## ACTIVITY
Your task is to return the listing below word for word, without any of its images.
--- THE DATA Enclosed Below ---
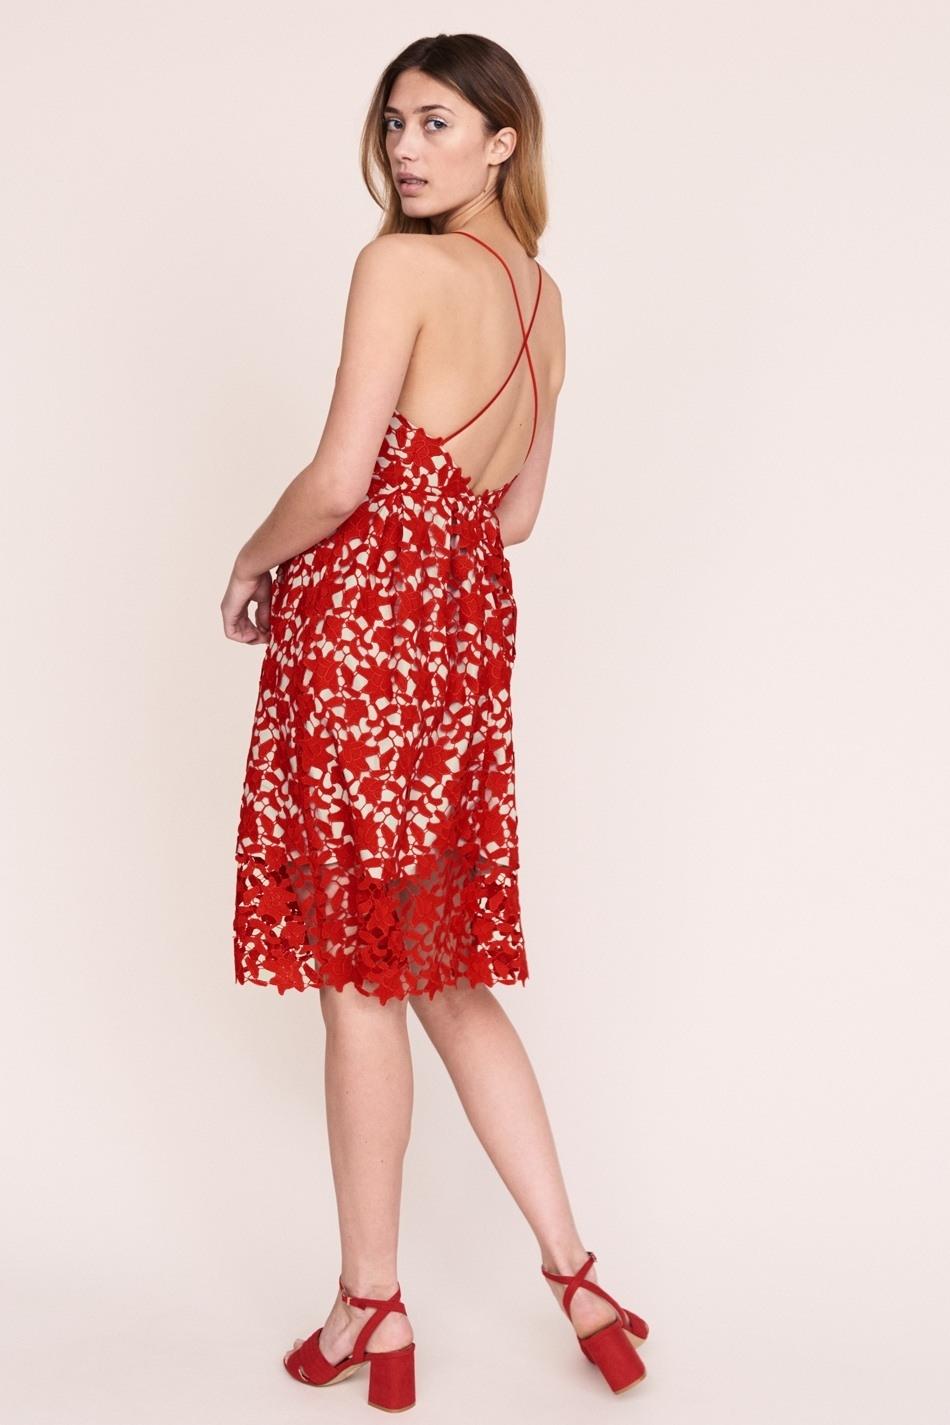 15 Luxus Spitzenkleid Rot Galerie Spektakulär Spitzenkleid Rot Stylish
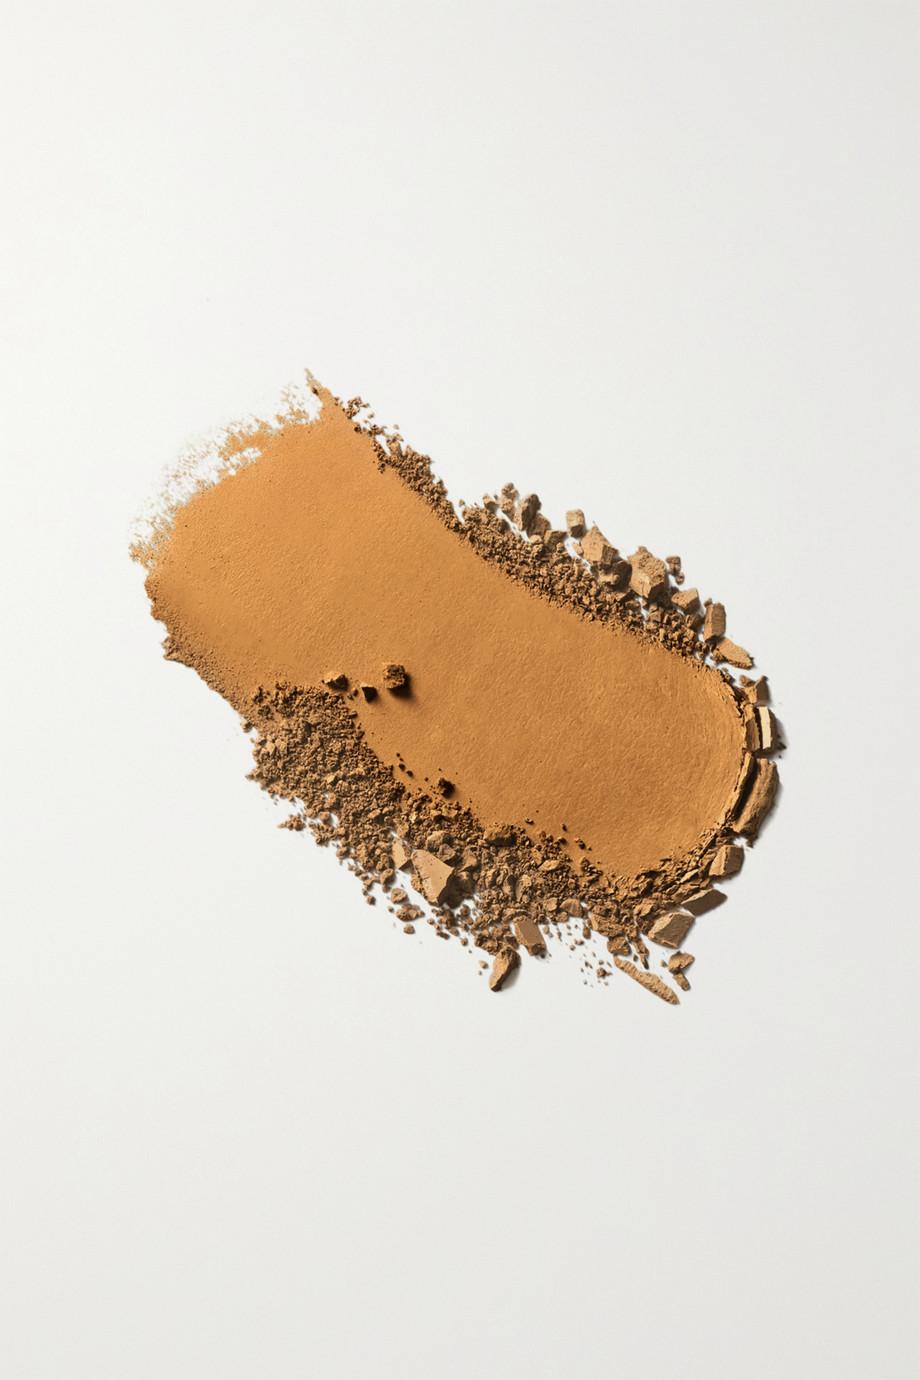 La Mer The Soft Moisture Powder Foundation SPF 30 Refill - Caramel
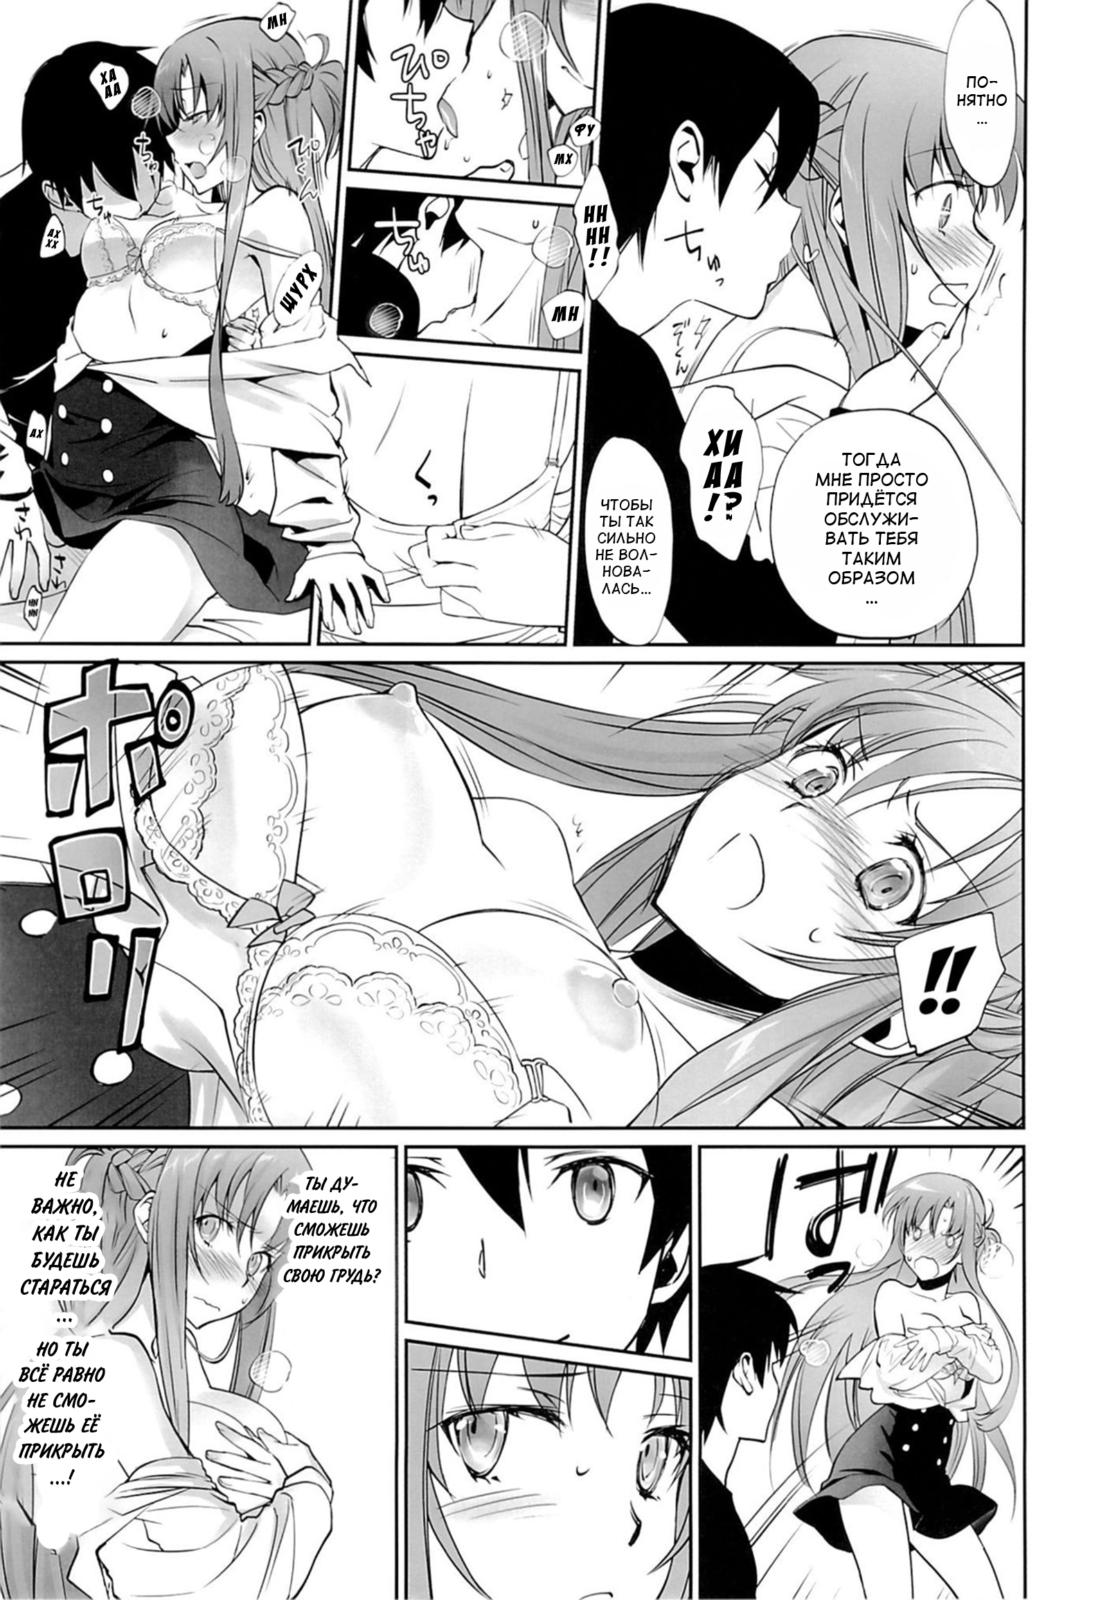 Turnover / Оборот SAO Асуна хентай манга - Сиськи, романтика, инцест, измена, большие сиськи
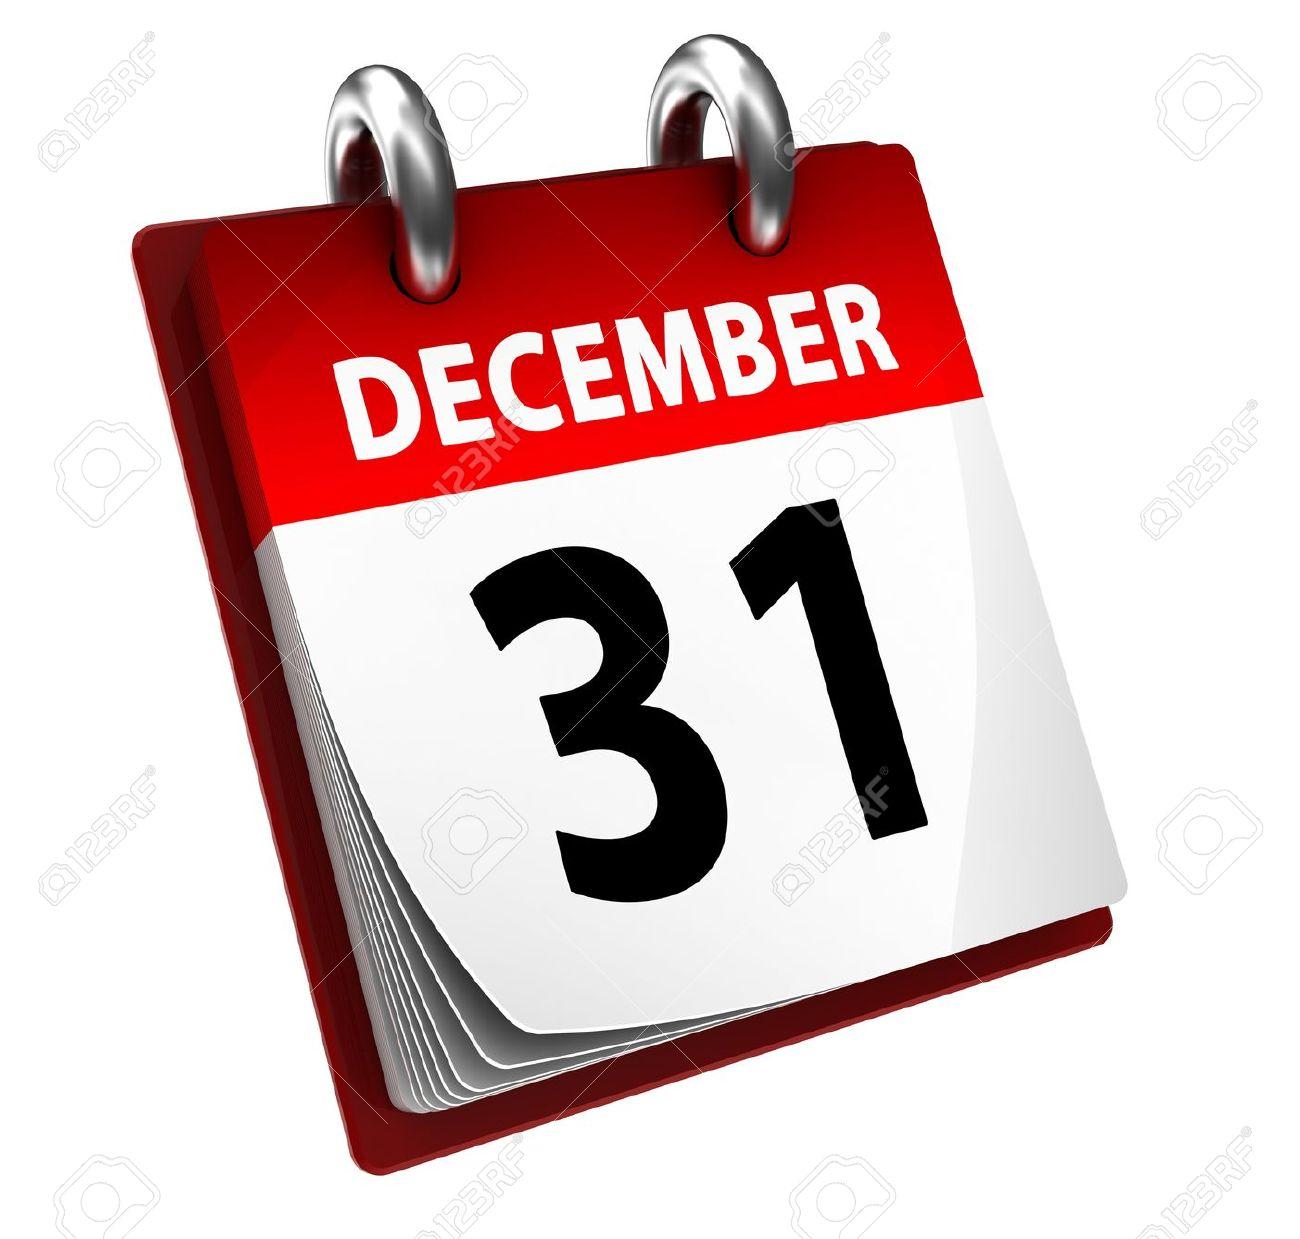 December date calendar clipart graphic transparent download 31 December Calendar Stock Photo, Picture And Royalty Free Image ... graphic transparent download
--- End of Enclosed THE DATA ---
## EXERCISE SOLUTION
 15 Luxus Spitzenkleid Rot Galerie Spektakulär Spitzenkleid Rot Stylish
 La Mer The Soft Moisture Powder Foundation SPF 30 Refill - Caramel
 Turnover / Оборот SAO Асуна хентай манга - Сиськи, романтика, инцест, измена, большие сиськи
 December date calendar clipart graphic transparent download 31 December Calendar Stock Photo, Picture And Royalty Free Image ... graphic transparent download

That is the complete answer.